*RECORDS FOR THE EXERCISE*:
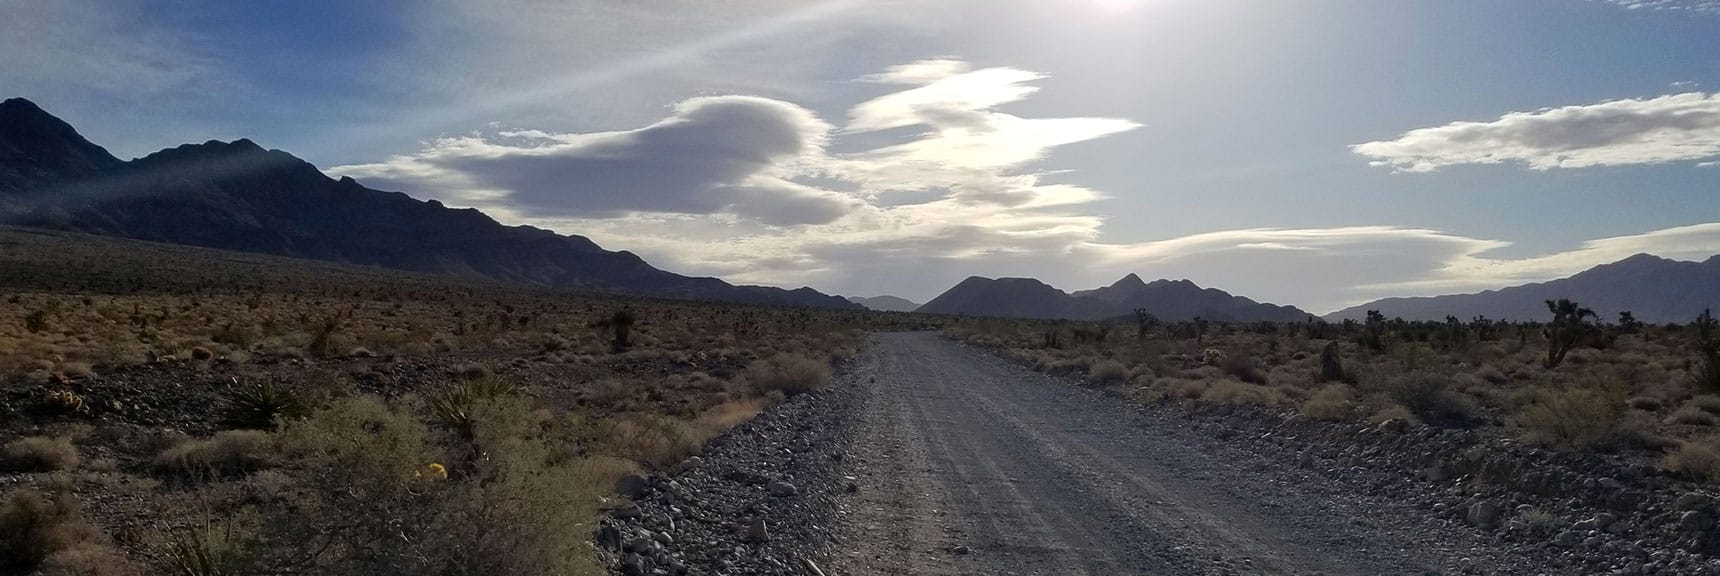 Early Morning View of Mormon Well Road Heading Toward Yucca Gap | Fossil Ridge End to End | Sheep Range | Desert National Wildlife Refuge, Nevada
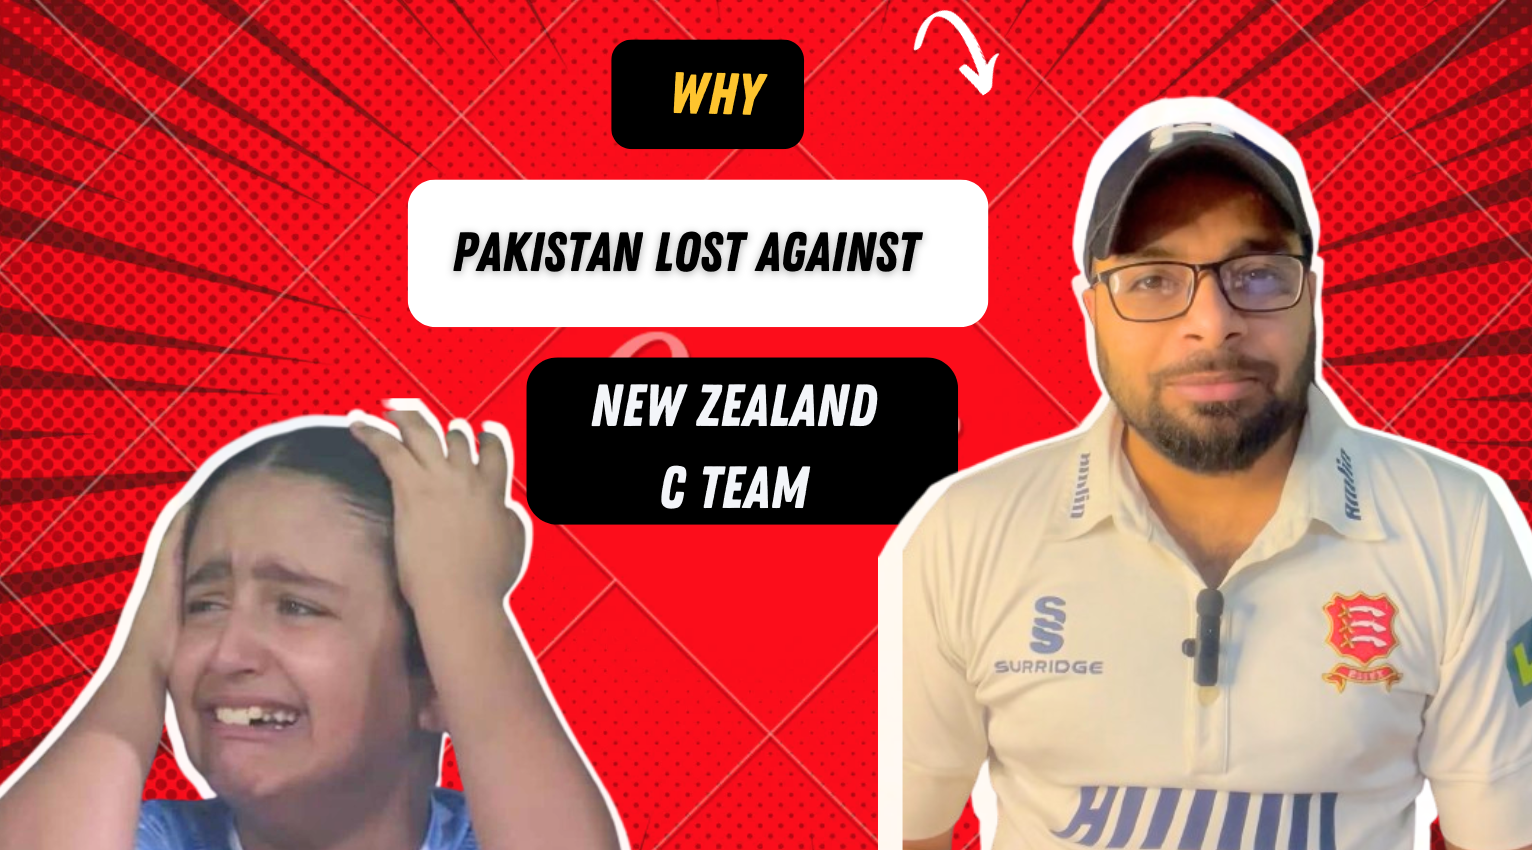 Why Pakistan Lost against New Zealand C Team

...

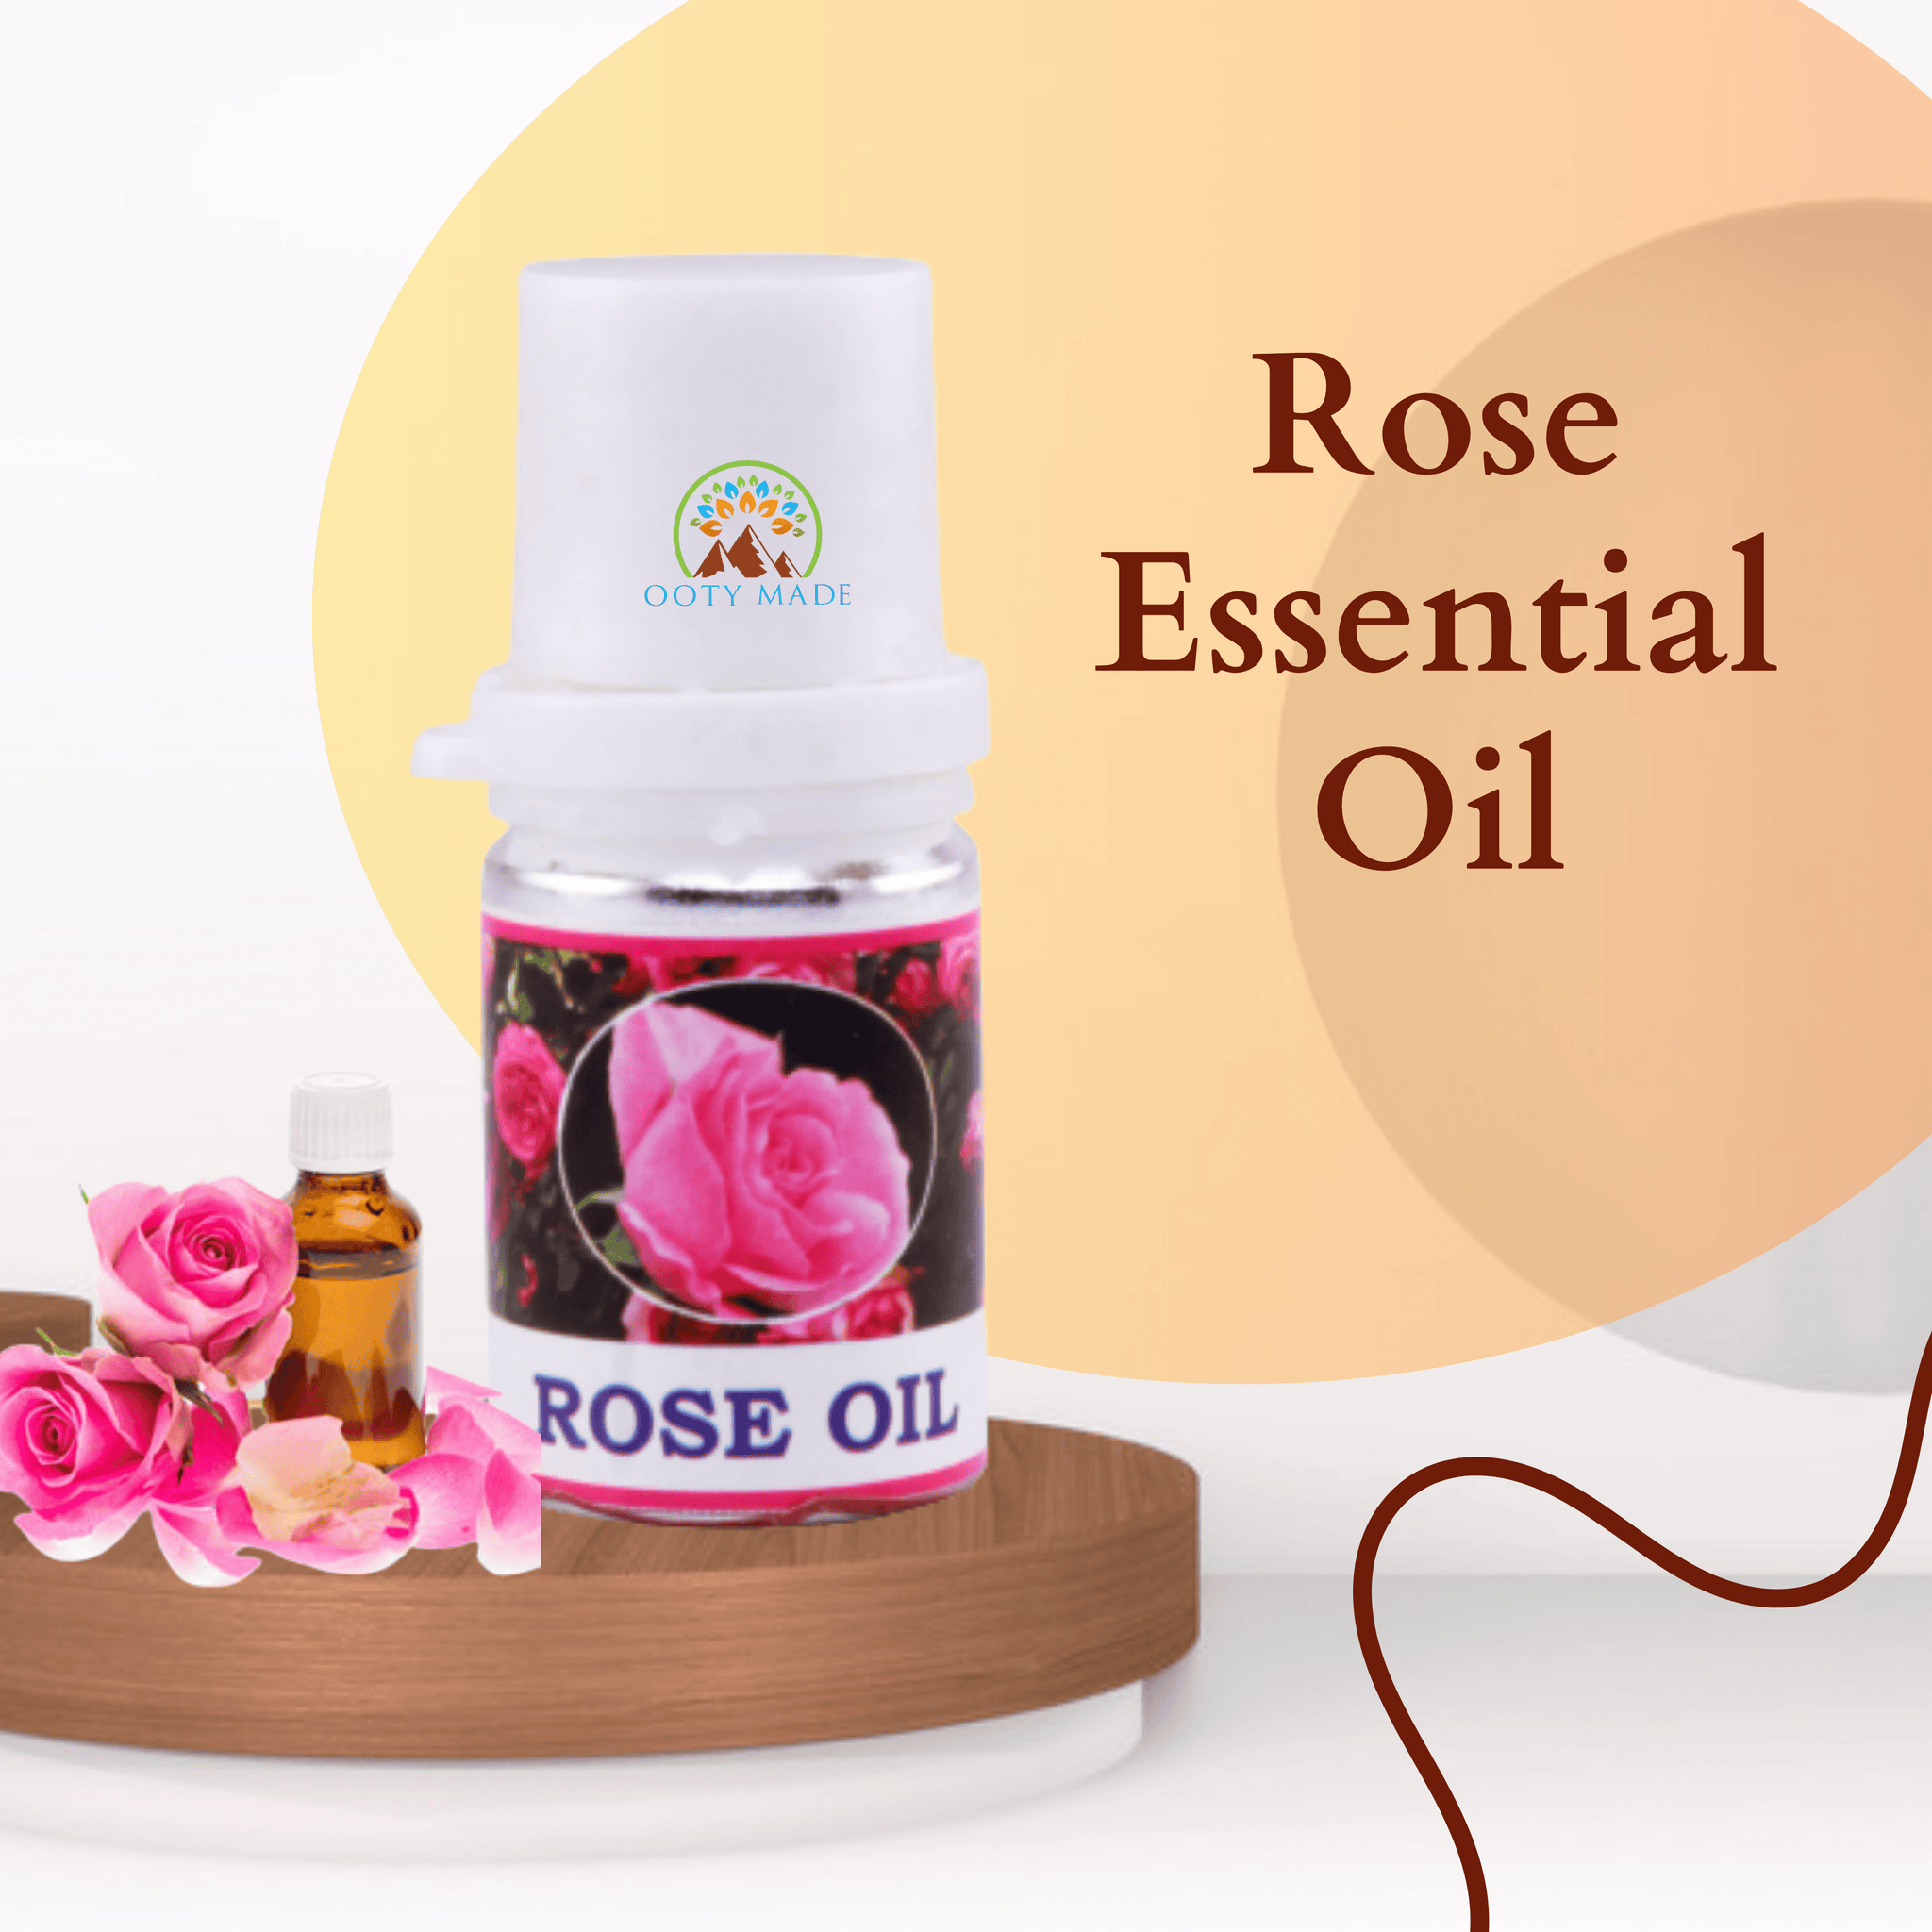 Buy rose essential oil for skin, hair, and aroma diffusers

*EXERCISE BRIEF*: Given the records above, return the lines starting at the one that holds "Early Morning View" and ending at the one that holds "Why Pakistan Lost against New Zealand C Team", exactly, and nothing besides; leave every picture out.

*RESPONSE FOR THIS EXERCISE*:
 Early Morning View of Mormon Well Road Heading Toward Yucca Gap | Fossil Ridge End to End | Sheep Range | Desert National Wildlife Refuge, Nevada
 Why Pakistan Lost against New Zealand C Team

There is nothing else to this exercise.